Sperm is produced in the testis, and to maintain healthy sperm production, nothing should disturb the environmental and physiological conditions required for this process.
Varicocele is one of the leading reasons for male-related infertility. In this the veins in the scrotum, become abnormally enlarged (varicose veins), and are painful too.
A fairly common condition, it affects 4 in 10 men with known infertility and, in general, 15 in 100 men.
The enlargement of these veins that are a direct supply to the testicles is linked to raising the temperature of the testicles or causing blood to back up. How varicoceles affects fertility, is not clear, but there is a definite link that this condition is responsible for damaging or killing the sperm.
The swelling of the veins will raise the temperature of the testis, and the accumulation of blood will result in poor blood flow in the testis, which eventually influences sperm production process in the testis, resulting in low sperm count, low motility and abnormal sperm morphology.

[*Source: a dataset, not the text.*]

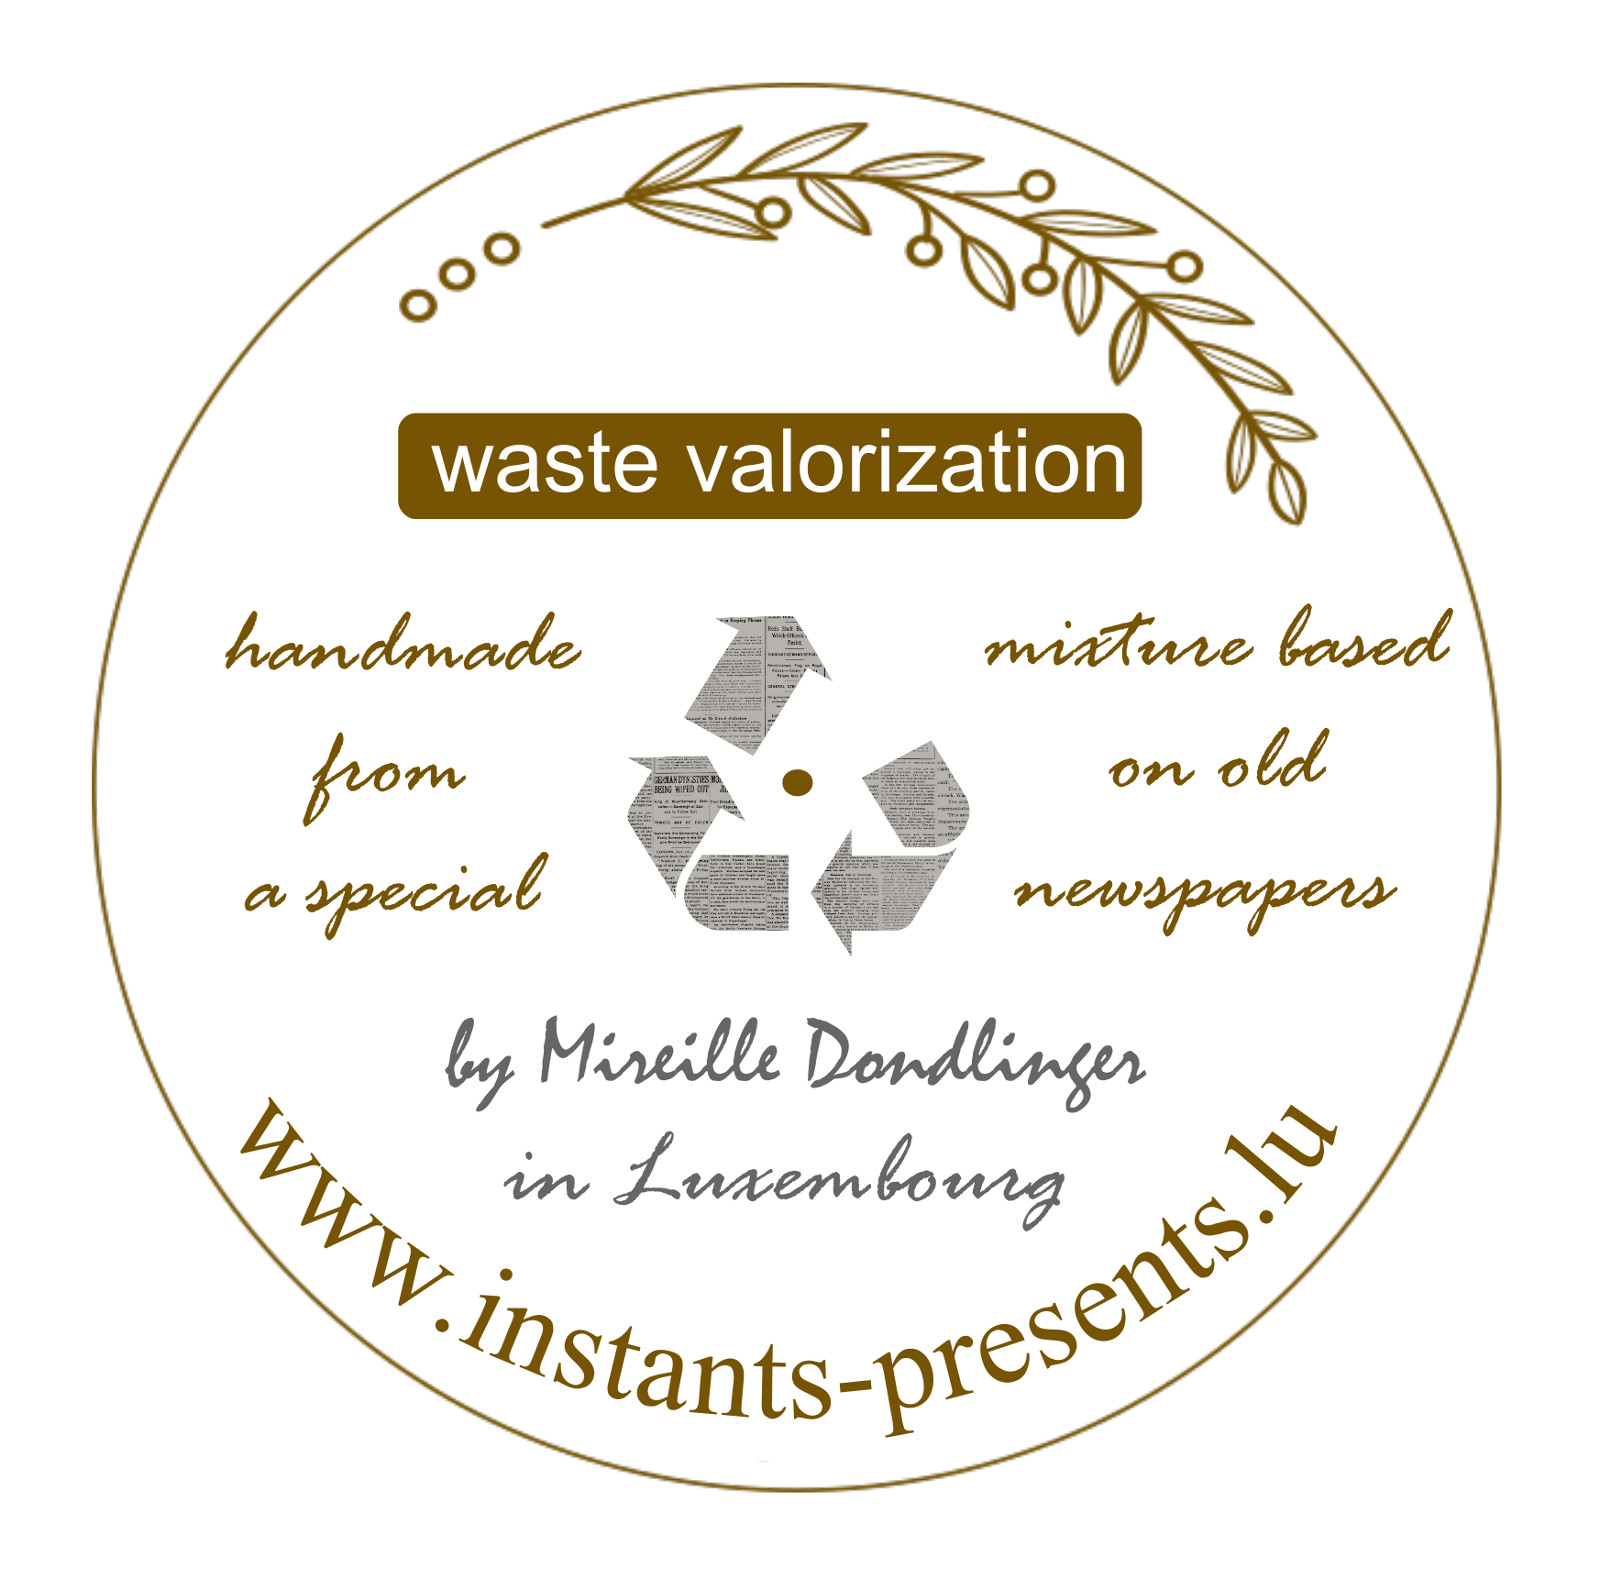 etiquettes sticker waste valorization 1600
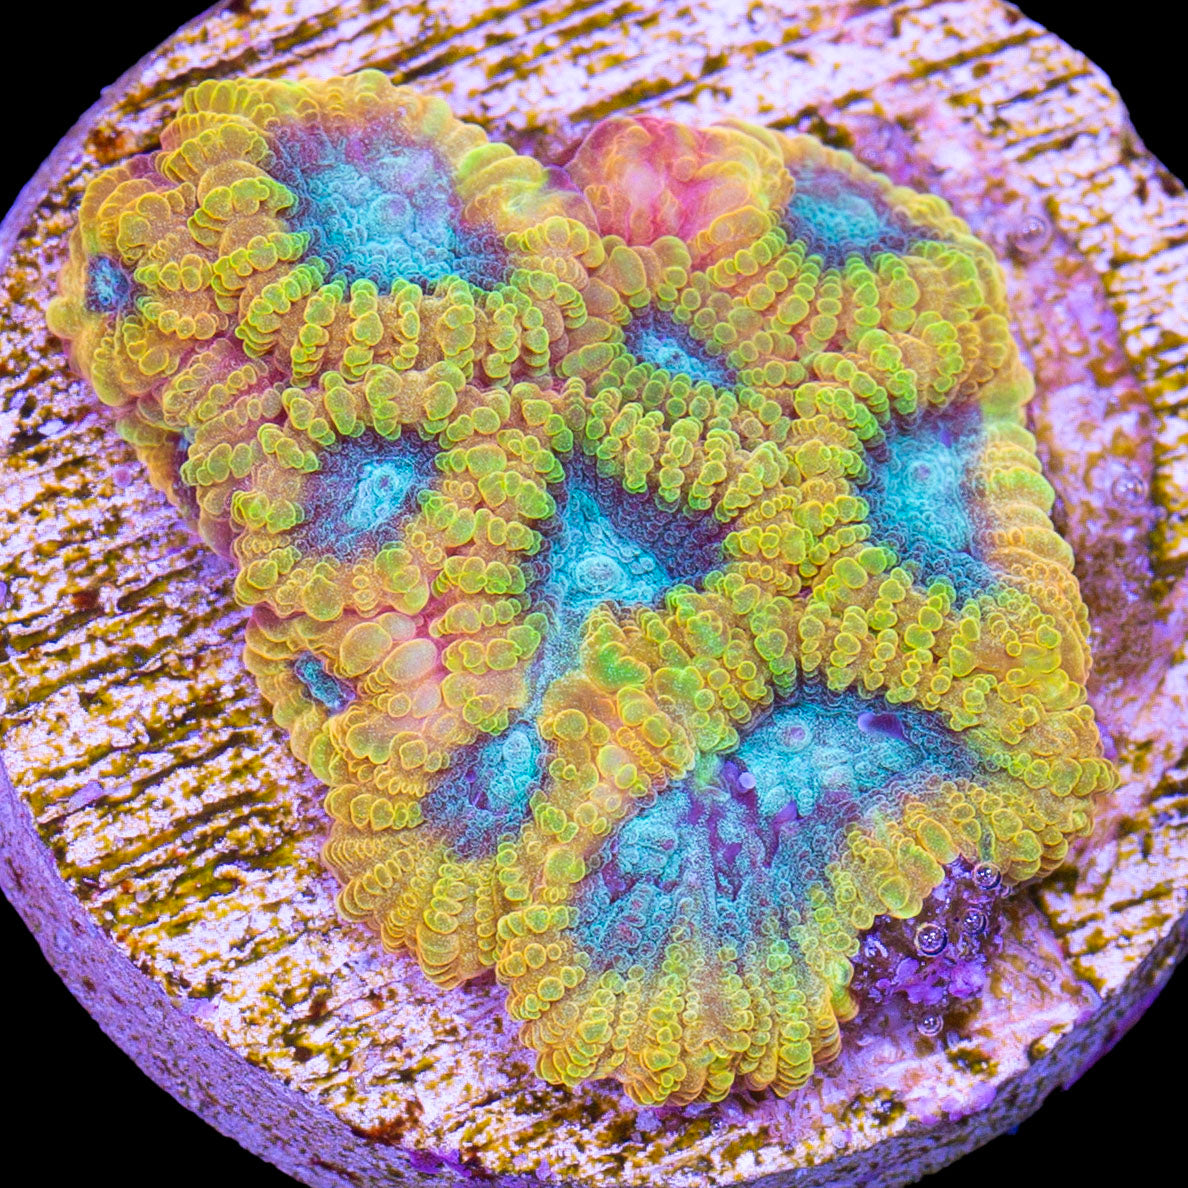 Blue Flame Favia Coral

Varicocelectomy is a procedure in which the swollen veins are tied off, and the accumulated blood is redirected to the healthy veins. The aim of this procedure is to improve pregnancy rates, but varicocele treatment in infertility is still controversial.
Recent scientific evidence appears to demonstrate that only in selected cases varicocele treatment is beneficial in improving semen parameters and pregnancy rate.
Alternatively in some cases, IVF/ICSI can be performed with sperm whether taken before or after varicocele treatment.